The free flow of ideas has been inhibited in the past. I see the answer to the worlds problems could go two different ways. The scientists can find solutions to our problems using science, or there will be no scientific answer and the answer will come with a very great loss of life by way of famine, plague, or any other number of horrible events that the world was not able to prepare for because there was not a free flow of ideas to solve the problem.
If you have taken the time to read this please feel free to post your comments.
[edit on 12-9-2007 by RedGolem]
Originally posted by MajorMalfunction
I think religion has been impeding science for hundreds of years. I wonder how far along we'd be now if Galileo and Copernicus weren't persecuted for their theories,
Originally posted by DamnedDirtyApes
I believe that religion acts as an anchor to science. It is what they have to do to stay in business. Once people realize that they are a business like anyone else, they will find themselves out of work. I am not a proponent of organized religion.
Originally posted by Indellkoffer
I don't think that the modern scientific system arose out of Islam. Rather, it's a direct outcome of Aristolte and something called "Aristotolean logic." That's the forerunner of the medieval study of logic and science.
Originally posted by DarkSide
This is why religion is harmful to man.
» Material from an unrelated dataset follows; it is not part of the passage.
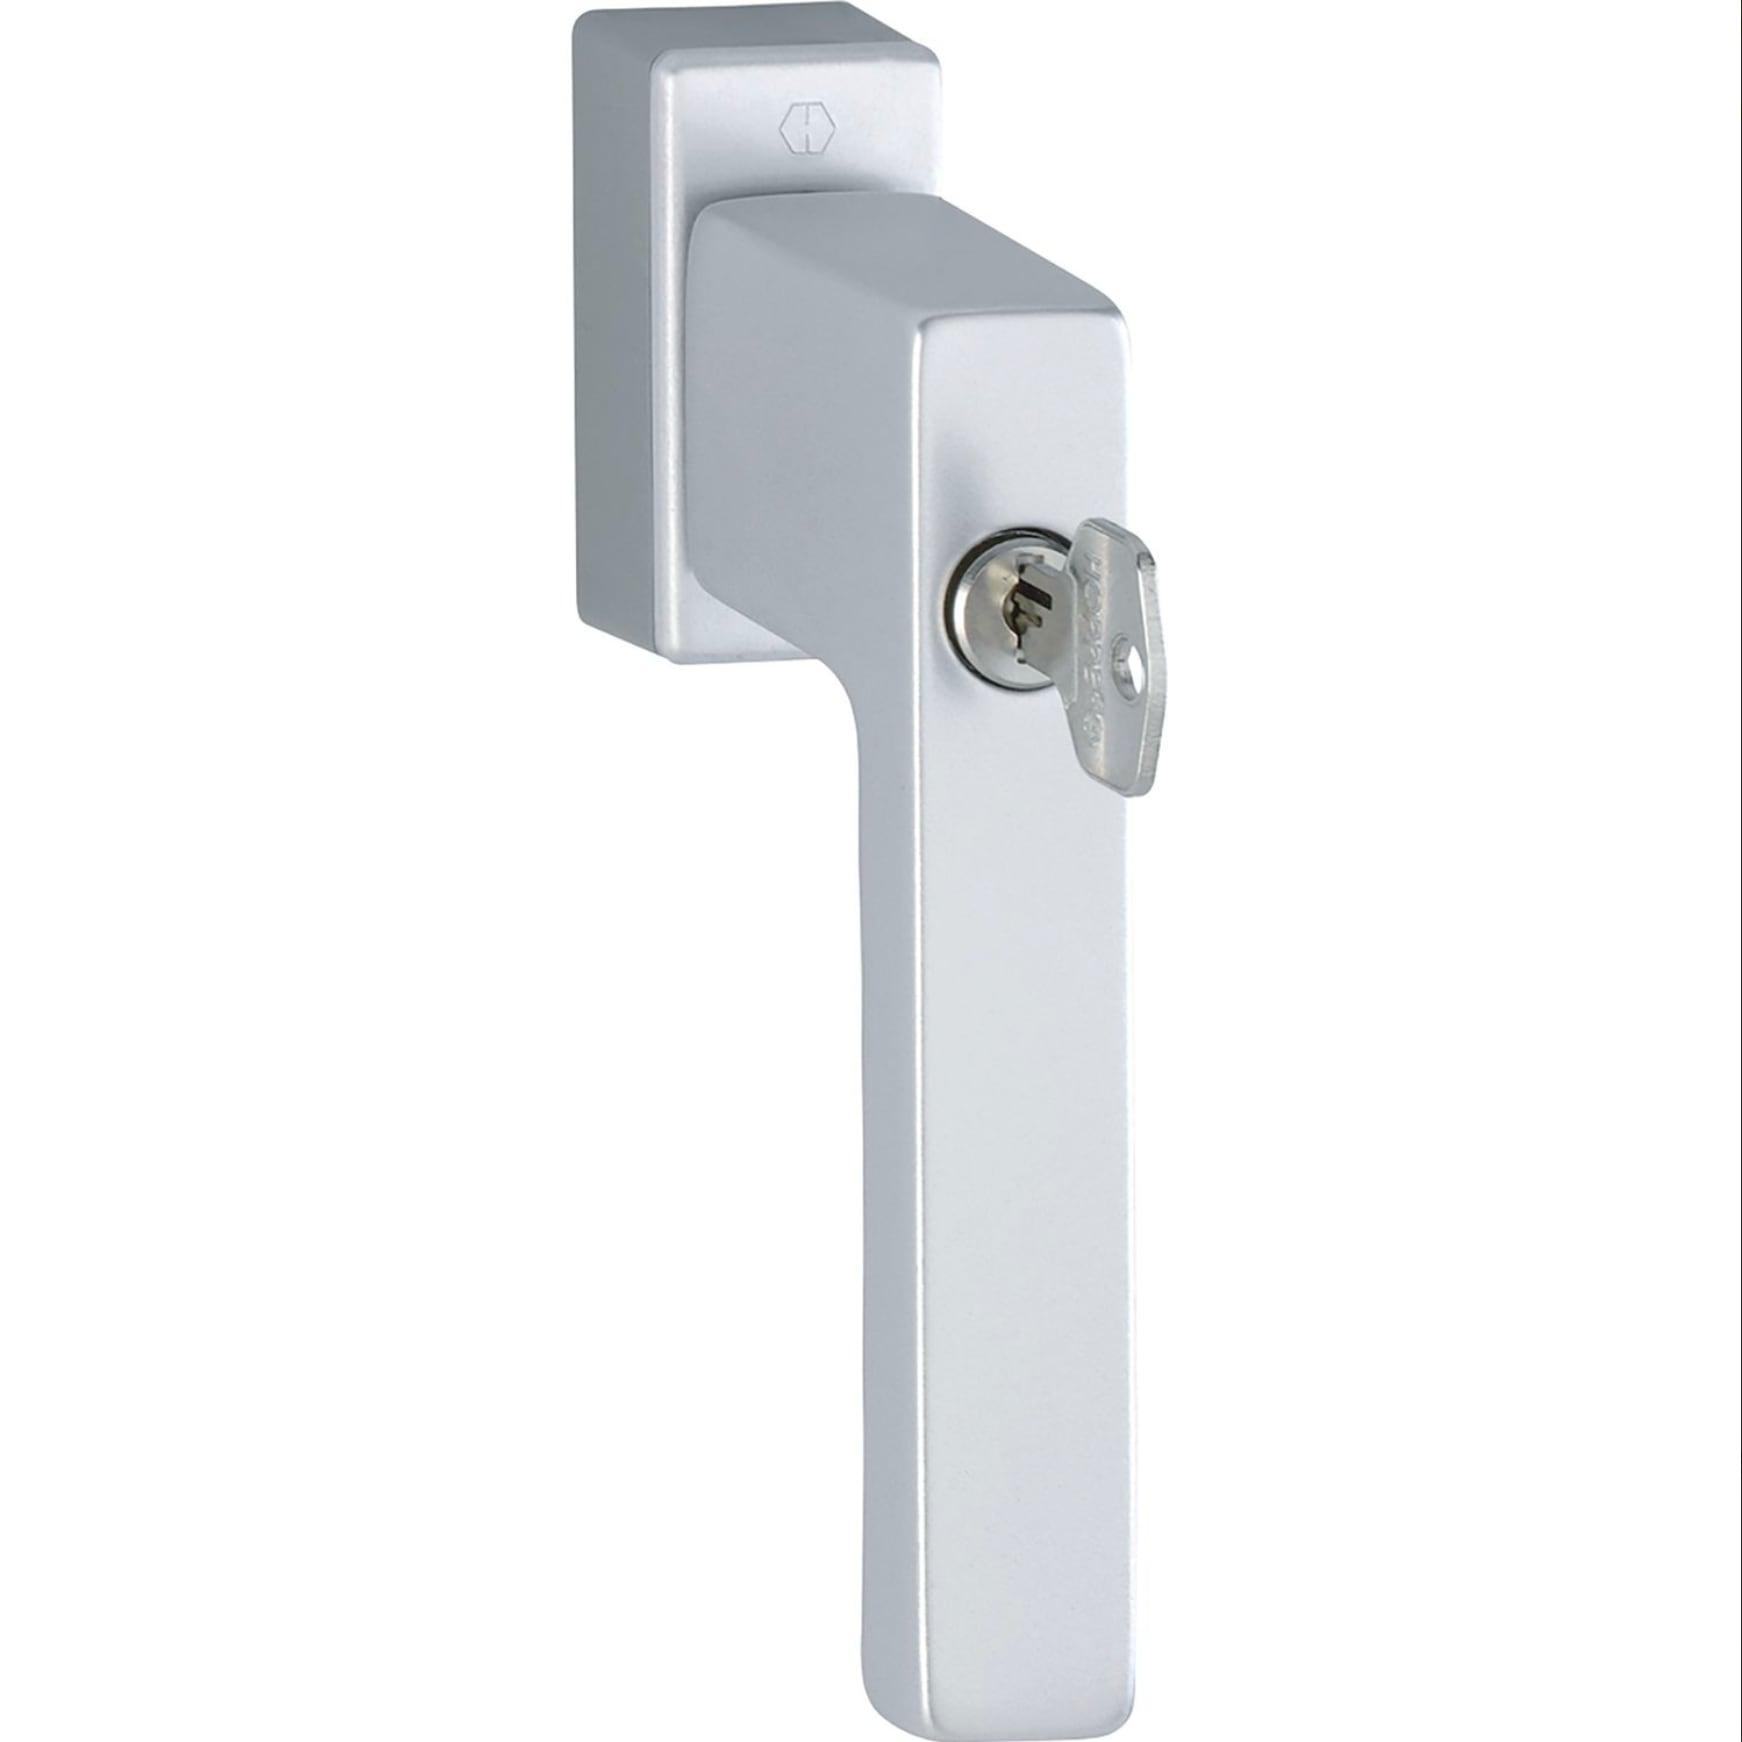 Fenstergriff-HOPPE-TOULON-sperrzylinder-silber-eloxiert

All modern day muslim countries would fare much better if they separated church and state. Europe is a prime example, if the church had remained in power we would still be in the dark ages, fearing hell and a god that doesn't exist.
It was not always this way. Islam's magnificent Golden Age in the 9th–13th centuries brought about major advances in mathematics, science, and medicine. The Arabic language held sway in an age that created algebra, elucidated principles of optics, established the body's circulation of blood, named stars, and created universities. But with the end of that period, science in the Islamic world essentially collapsed. No major invention or discovery has emerged from the Muslim world for well over seven centuries now.